You Are Changing the World
A Strange Note in Ebla*
Did you know: that every strand of hair that falls off your head drops into a collection of pollen and pollution and grains of sand and your dead skin cells, to become dust — the kind that lives under your bed, unnoticed, becoming a world for dust mites. Did you know that these eight-legged creatures experience their world without sight; that, sized like a pin-head, they do life with the sense of smell and do not see the kaleidoscope of colours that is their world. Still, it is their world, a microscopic body we make and unmake, a life we sculpt by simply being. Did you know that, when you yawn, mirror neurons fire up and cause another human around you to yawn too. That these neurons cause you to wince when your eyes meet someone in physical pain. That when you arrive and exit life, you reconfigure the world of other lives. That when you sneeze, your chest muscles become acquainted with your lungs, squeezing them with enough pressure until your vocal cords open and send air to your respiratory tract; your eyes close, chest muscles contract, shoulders rise as air and water and mucus escape your nose and spray another’s body, clothing them with flu or plain dirt, a portion of yourself. That by breathing here, you mold the identity of another.

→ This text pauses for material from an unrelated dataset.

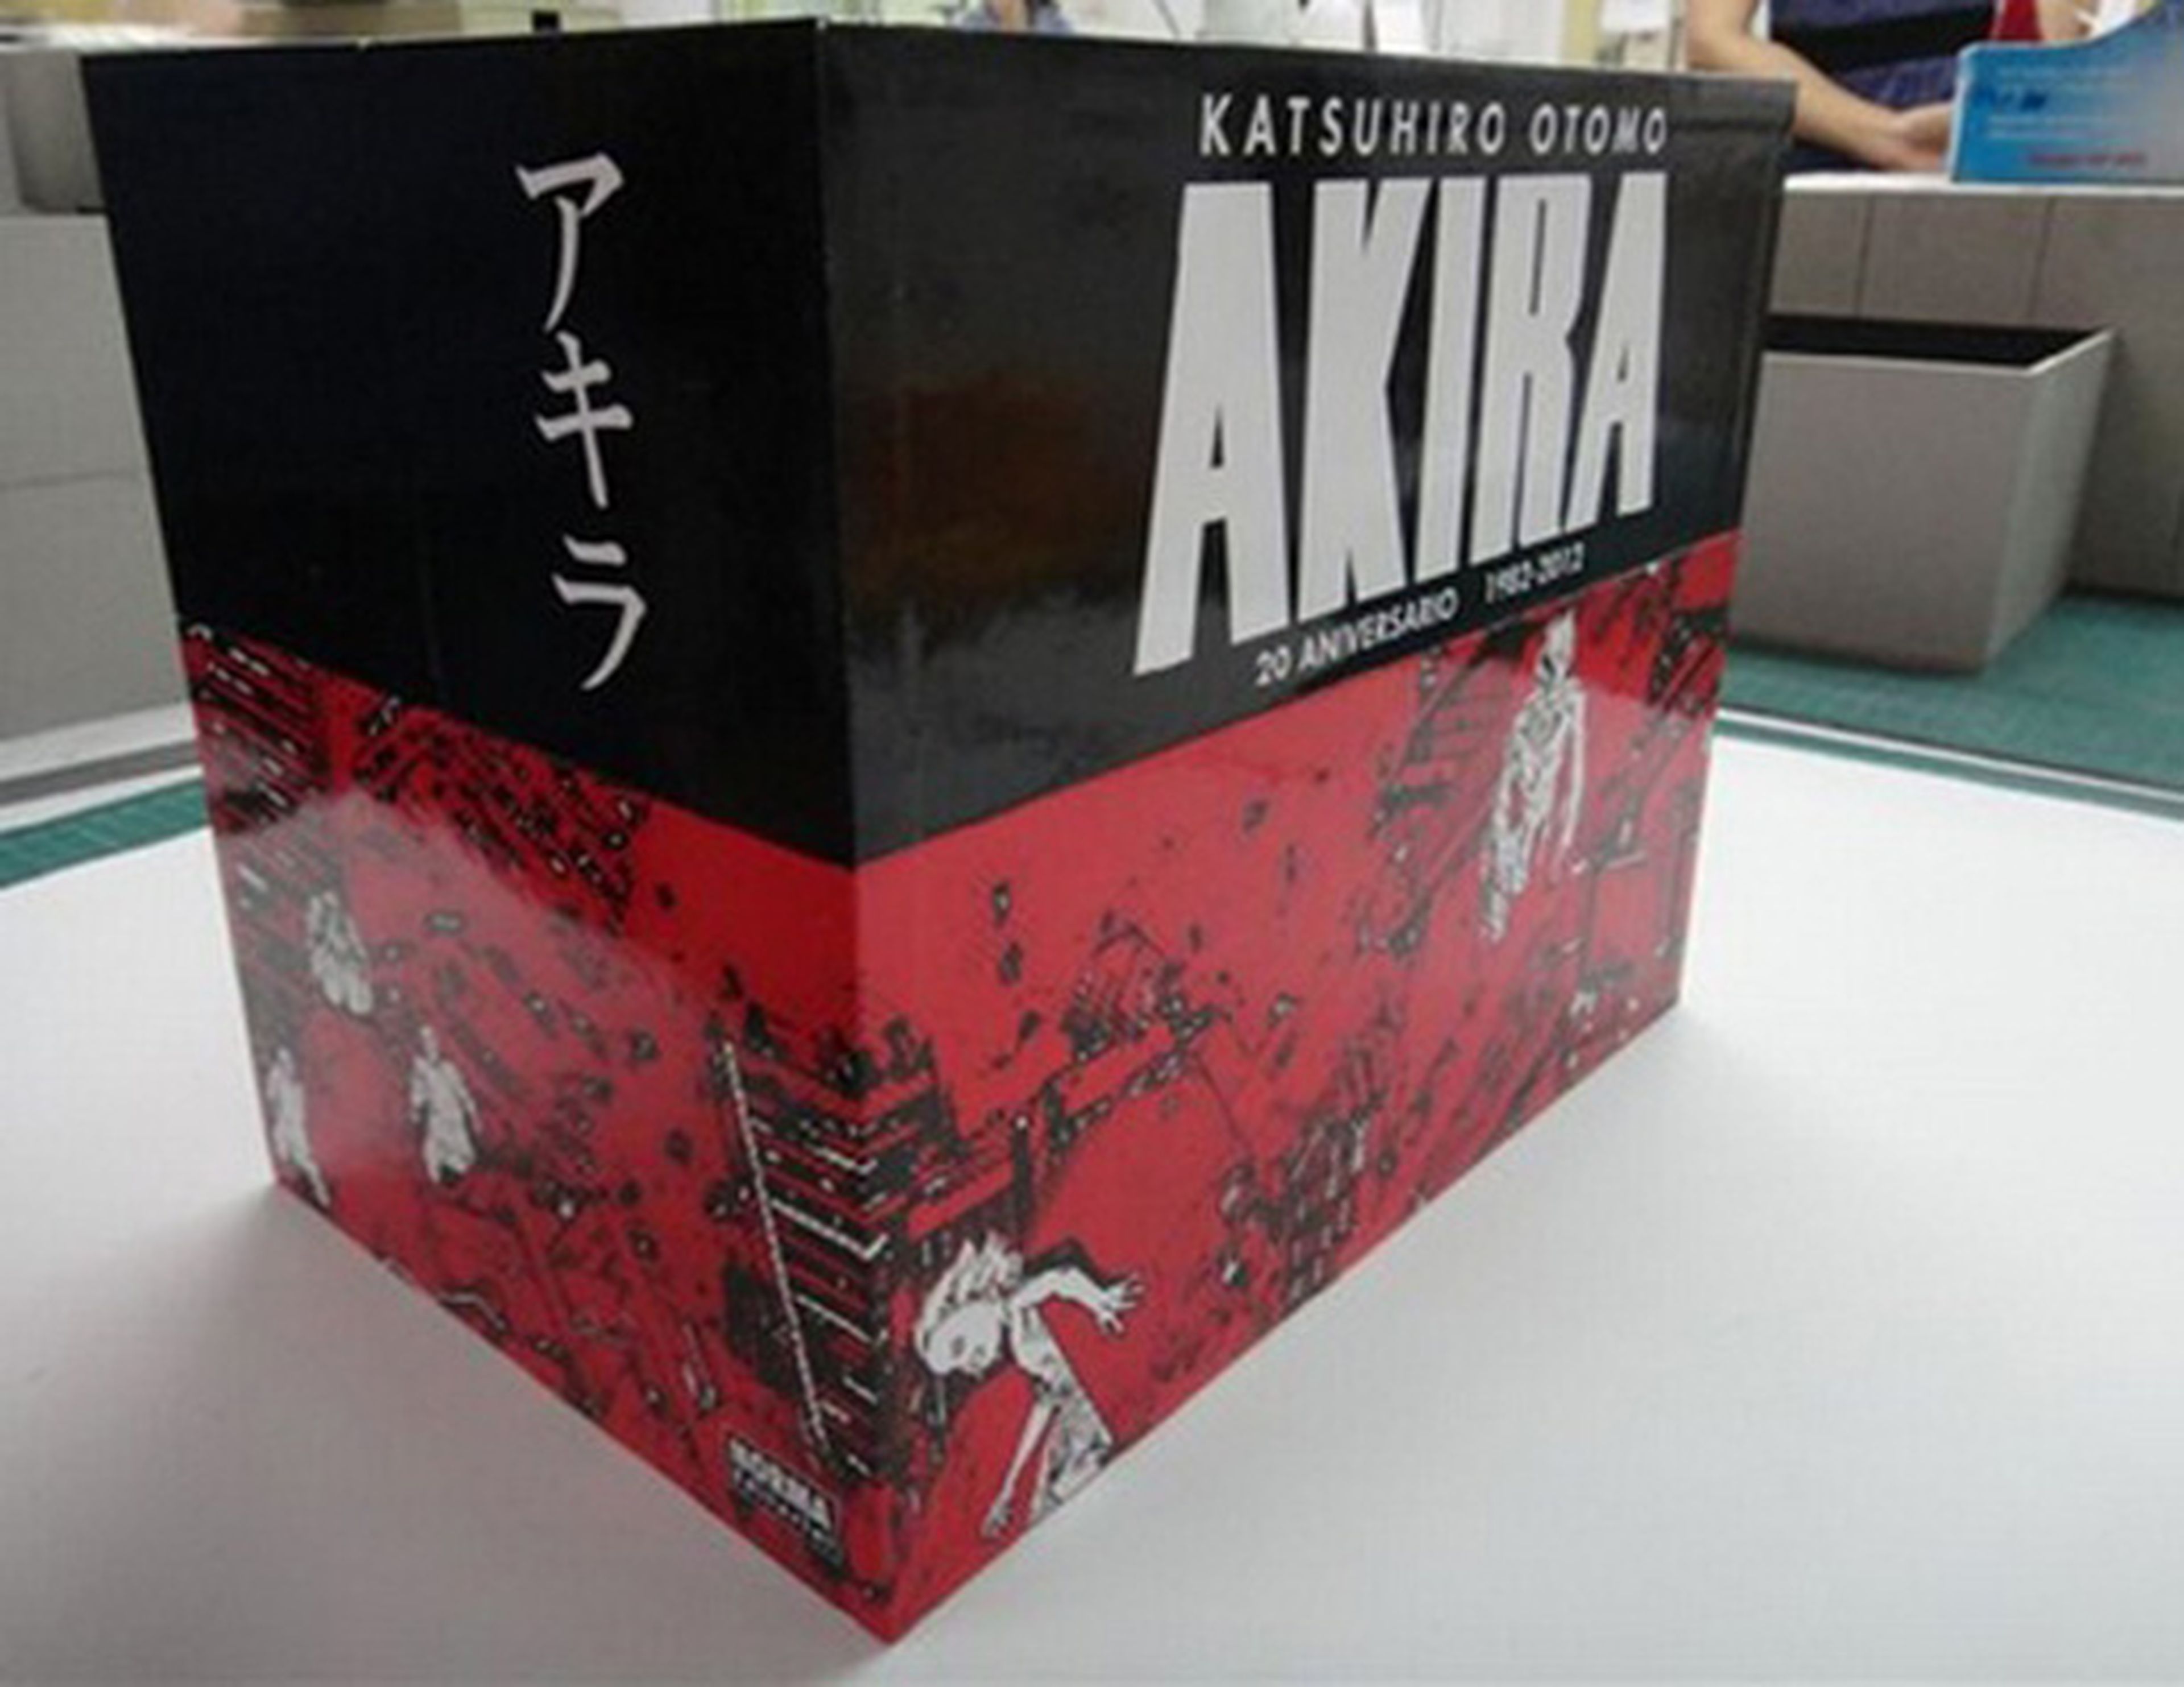 Edición 30 aniversario de Akira
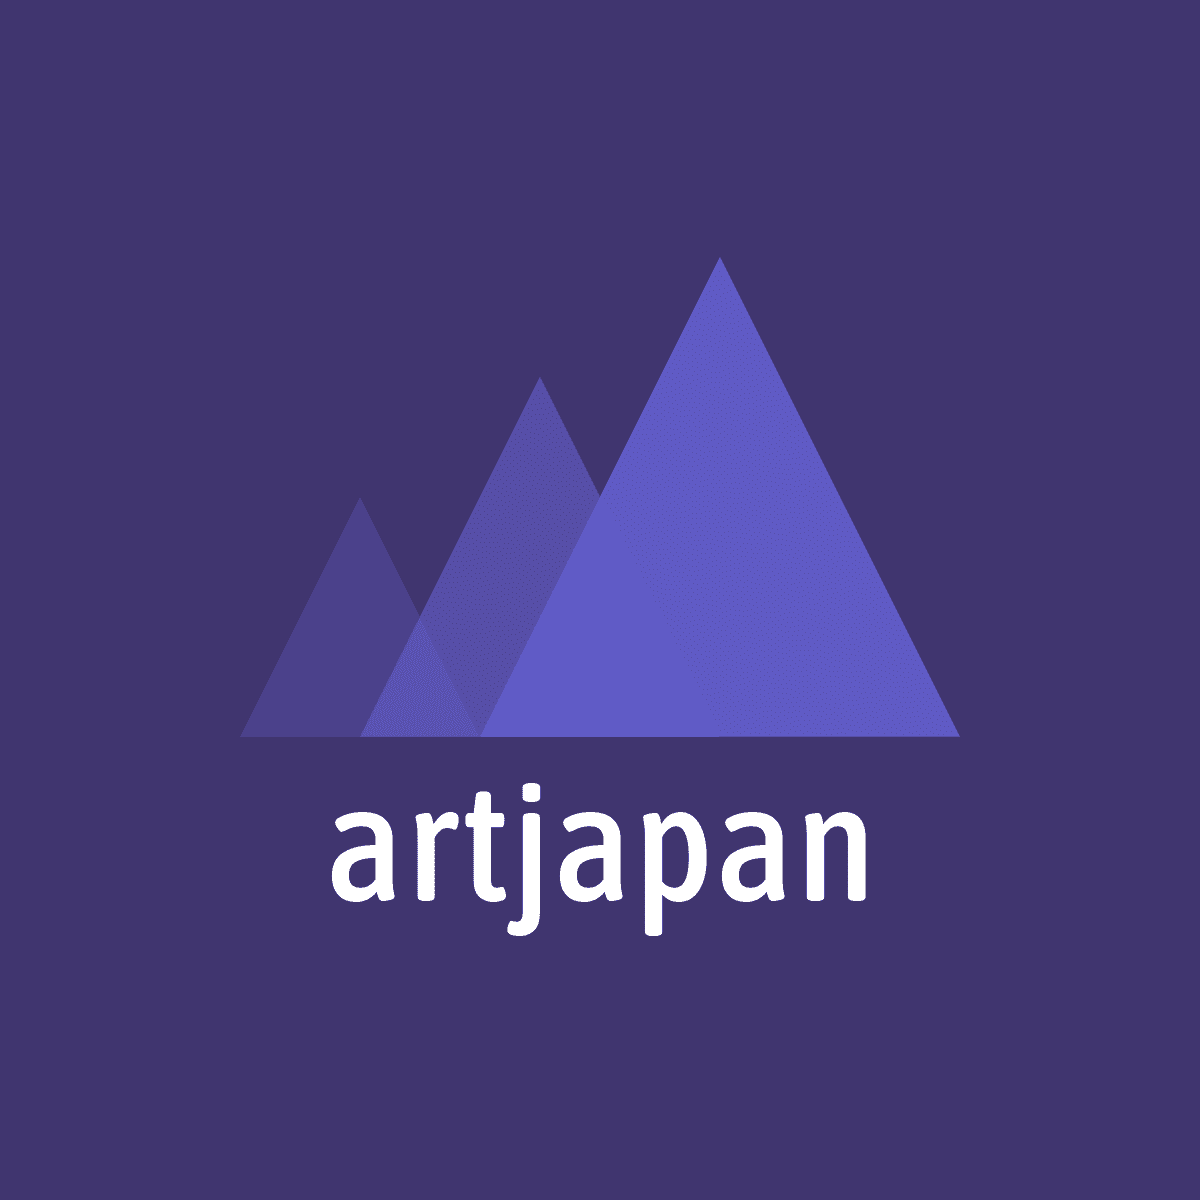 artjapan gallery

That, as James Baldwin reflected, ‘the interior life is a real life, and the intangible dreams of people have a tangible effect on the world.’
Did you know that the roads you take are shifting paths that kiss the edge of another’s. Your choices of yesterday, today and tomorrow. The work of your hands. Your reactions to joy and horror. Where you find yourself in time. How you engage with time as it passes through you. The food you eat when hunger arrives. Where you go in the heat or cold. The oils that anoint your skin. The beliefs you subscribe to. The offspring you push into life. When you choose to wake up, take a shower, have breakfast, exit your building, return, fall asleep, repeat. The bus you choose (not) to enter.
Did you know that the content of your tongue reshapes the body of those that receive it. The way your face twists, your lips curve, your forehead moves, your breathing flows when you say a or b or c. The weight of your voice when it passes through air. How your body converses with space when you gesticulate. The items you decide to empty from your mind. How your words enter another, clothing or stripping their sense of self, reviving or breaking their will to live, feeding or ridding their warmth, uplifting or dragging their calm, enriching or draining their world. How they nod or not nod when your words arrive, how they smile or not smile when you enter their ears, how their heart races or stills at your presence, how the little ones hear and repeat, watch and duplicate, ship from childhood. How an entire generation fades into oblivion by your tongues. How your lies become truths and truths lies. The way your mind feeds your tongues with yes(es) and no(s). How you climb up or go deeper down simply because you said so, because you thought it and spoke it into being. Did you know that your silences are registered by a thousand (and) beating hearts. The injustices you say yes to, the neutral ground you stand when a wounded person cries to you, the power you hold but choose to wield against another, the blind eye you give to the blood within your reach, the deaf ear you offer to screams next to you, the reversal you make when you needn’t. The things you die not saying; secrets and intentions entering nothingness and leaving a gap for the living to fill.
Did you know, that you are changing the world?
The Big Question
Watching the nova effect by Pursuit of Wonder, I was reminded of our interconnectedness as humans; how our actions and choices ultimately reshape the life of another. What I didn’t expect was a deep (mental) dive into our influence on the larger world; how we not only touch other humans but life in general.
What you should read next:
As you think through this question, here’s what you should read next: reflections on why we’re here, why we seek validation, and the feeling of being alone.
Languages
*Ebla is the Oromo word synonymous with April in English. Oromo is a Cushitic language, which is a branch of the Afro-Asiatic language family. It is spoken by over 30 million people chiefly in Ethiopia, and Kenya, Somalia, Eritrea, and Djibouti.